Independent shareholders of China Resources Power (CRP) and sister firm China Resources Gas (CRG) are unlikely to vote in favour of their proposed merger unless the firms can provide more details about proposed post-merger investment into riskier new projects and quantify cost savings, analysts said.
While the firms said their proposed merger into a new entity called CR Energy Group would create "the largest Hong Kong-listed, mainland-focused integrated energy utility", analysts said bigger might not be better, unless cost savings and greater profitability could be quantified.

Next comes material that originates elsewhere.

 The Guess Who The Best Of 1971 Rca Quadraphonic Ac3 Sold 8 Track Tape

"The stock market does not necessarily reward an energy and utility firm solely because it is big," said Pierre Lau, head of Asia Pacific utilities research at Citi.

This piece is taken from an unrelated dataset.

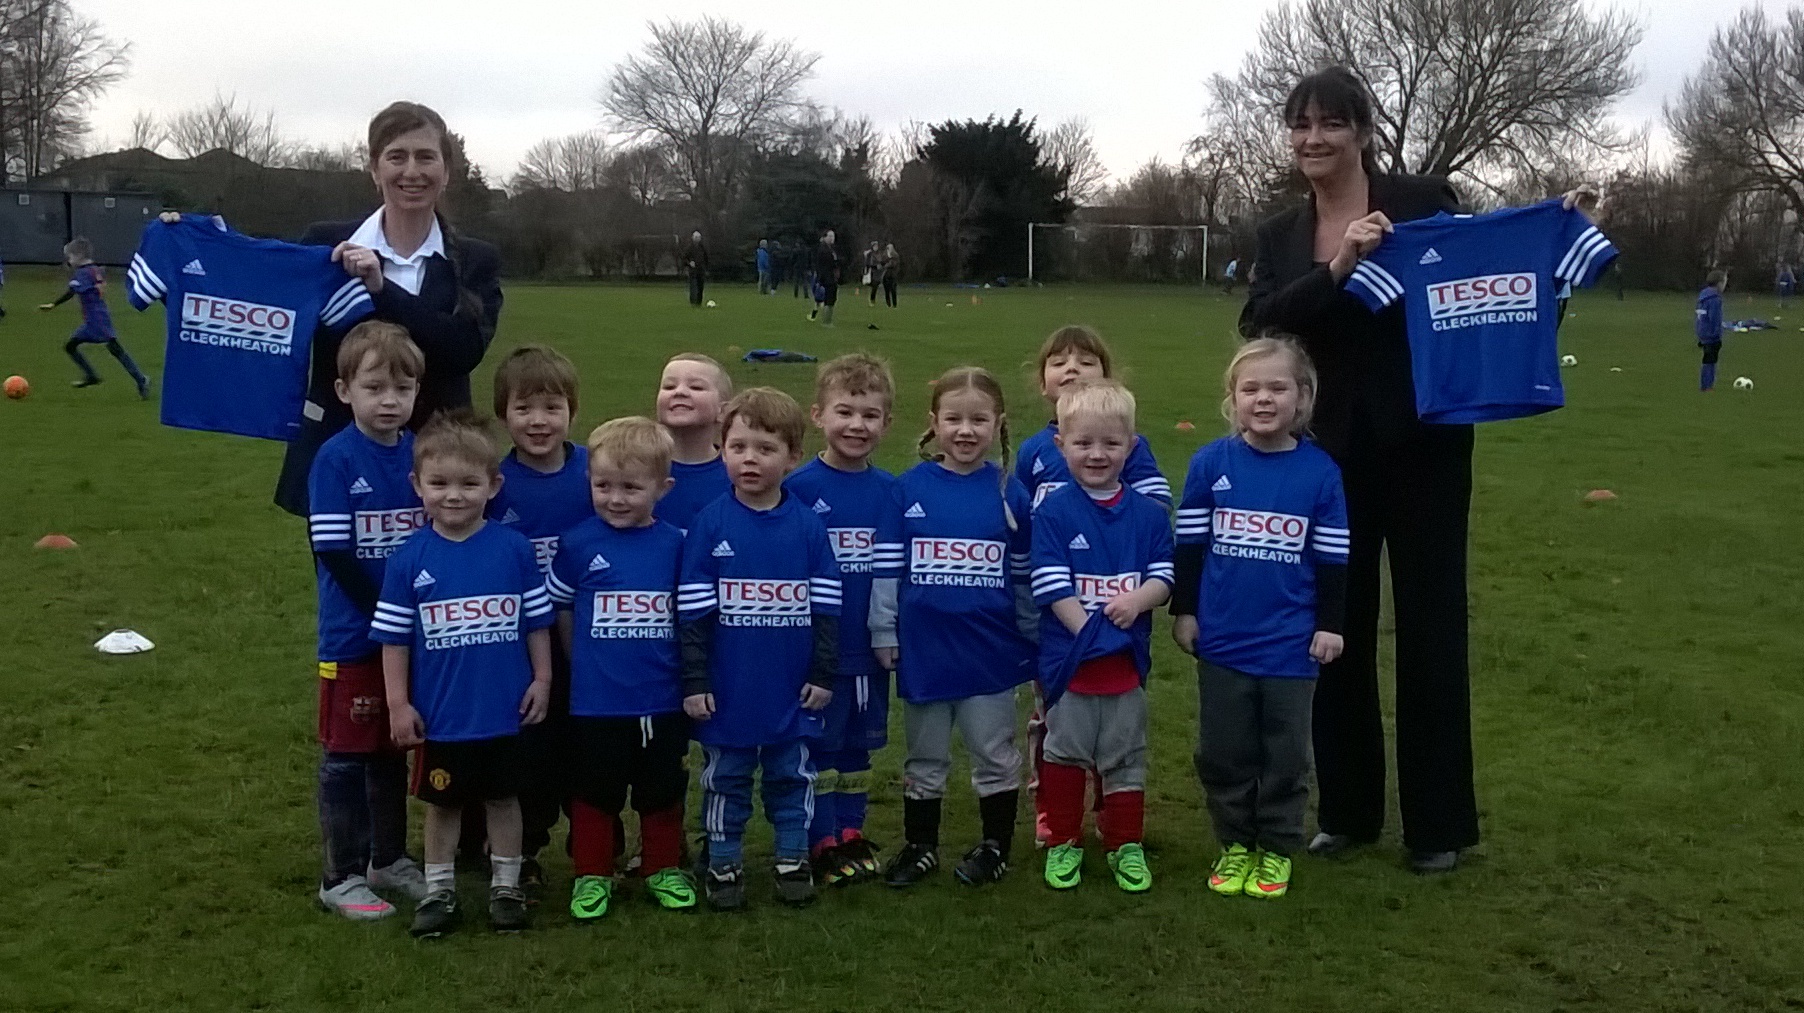 Every little helps as Tesco sponsors football youngsters' shirts

Post-merger, the combined market value of CRP and CRG would be HK$137 billion, exceeding the HK$111 billion of leader Huaneng Power International.

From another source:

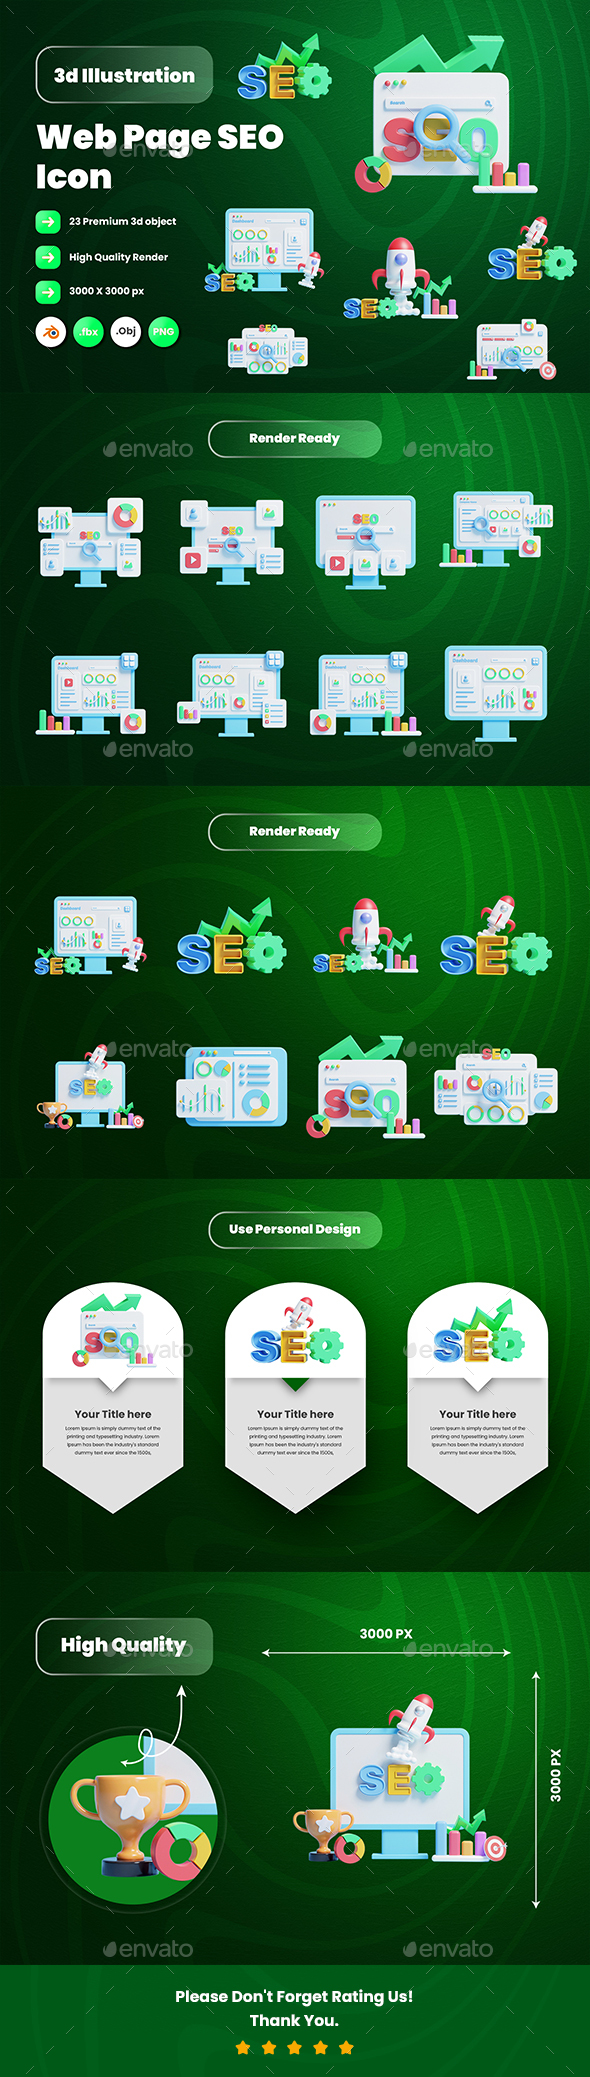 [DOWNLOAD]Web page SEO 3d Illustration Icon Pack

The merger would see every 100 CRG shares exchanged into 97 newly issued CRP shares, after which CRG would be delisted. The offer to CRG shareholders is 12.8 per cent higher than the firm's last traded share price prior to the announcement of the proposed merger. The proposal came as a surprise on May 10, as CRP and CRG operate in different industries - one being mainly a coal-fired power generator and the other a natural gas distributor.
Both are fund managers' darlings, meaning they can fetch valuations higher than most of their peers, as measured by their share price-to-earnings ratios, and both would have no problem raising funds independently in the capital market to support their planned expansions.
But state-owned China Resources - their majority shareholder, with 64 per cent of CRG and 63 per cent of CRP - has bigger plans for the combined entity.
In a joint statement on the proposed merger, CRP and CRG said CR Energy's "enlarged platform" would allow it to pursue "new business opportunities" in upstream gas production and midstream gas transportation. They include the production of conventional natural gas and various forms of unconventional gas - such as the extraction of methane gas trapped tightly between coal seams and shale rocks, the conversion of coal into methane gas, and the collection of methane gas from ovens that make coke used to smelt steel.
CR Energy will also consider building mid-stream infrastructure for long-distance transportation of gas, including facilities to liquefy and regasify natural gas, and liquefied natural gas (LNG) trucking facilities.
CR Energy also will consider expanding in "distributed power generation" - small-scale power production using cleaner fuel sources like natural gas, wind, solar, hydro and biomass.
While the new businesses enjoy state support and have ample room for growth, analysts are worried about the risks.
"[The] investment risk of upstream projects is higher than downstream [ones]," Lau wrote. "CR Gas added that the investment phase of upstream projects would be at least three to four years, and would not [bring] much profit ... [within] five years.
Lau quoted management as saying at an analysts' meeting that CR Energy may consider spending HK$10 billion to HK$30 billion in each of coal seam gas production, liquefaction of domestic gas and the regasification of imported LNG. It aims to have the capacity to produce 4 billion cubic metres of natural gas annually, which would help it achieve a target of raising annual gas sales to between 18 billion cubic metres (bcm) and 20 bcm by 2018 from 9 bcm last year, Lau said.
"To rally more support from independent shareholders, CRP will need to disclose more information about any potential up-stream and mid-stream gas project investments which could deliver reasonable risk-adjusted returns," Gary Chiu, CCB International Securities' head of energy research, said in a report.
"Also, management needs to quantify any potential cost savings after the merger."
Neither CRP nor CRG would comment, citing regulations. They said "some degree of operational cost synergies" can be reaped from potential sharing of administrative functions and lower financing cost due to greater "flexibility in funding of future capital expenditure".
Approval for the merger requires votes representing over 50 per cent of CRP's independent shareholders and votes representing more than 75 per cent of CRG's independent shareholders. The proposal will be rejected if votes representing more than 10 per cent of CRG's independent shareholders are against it.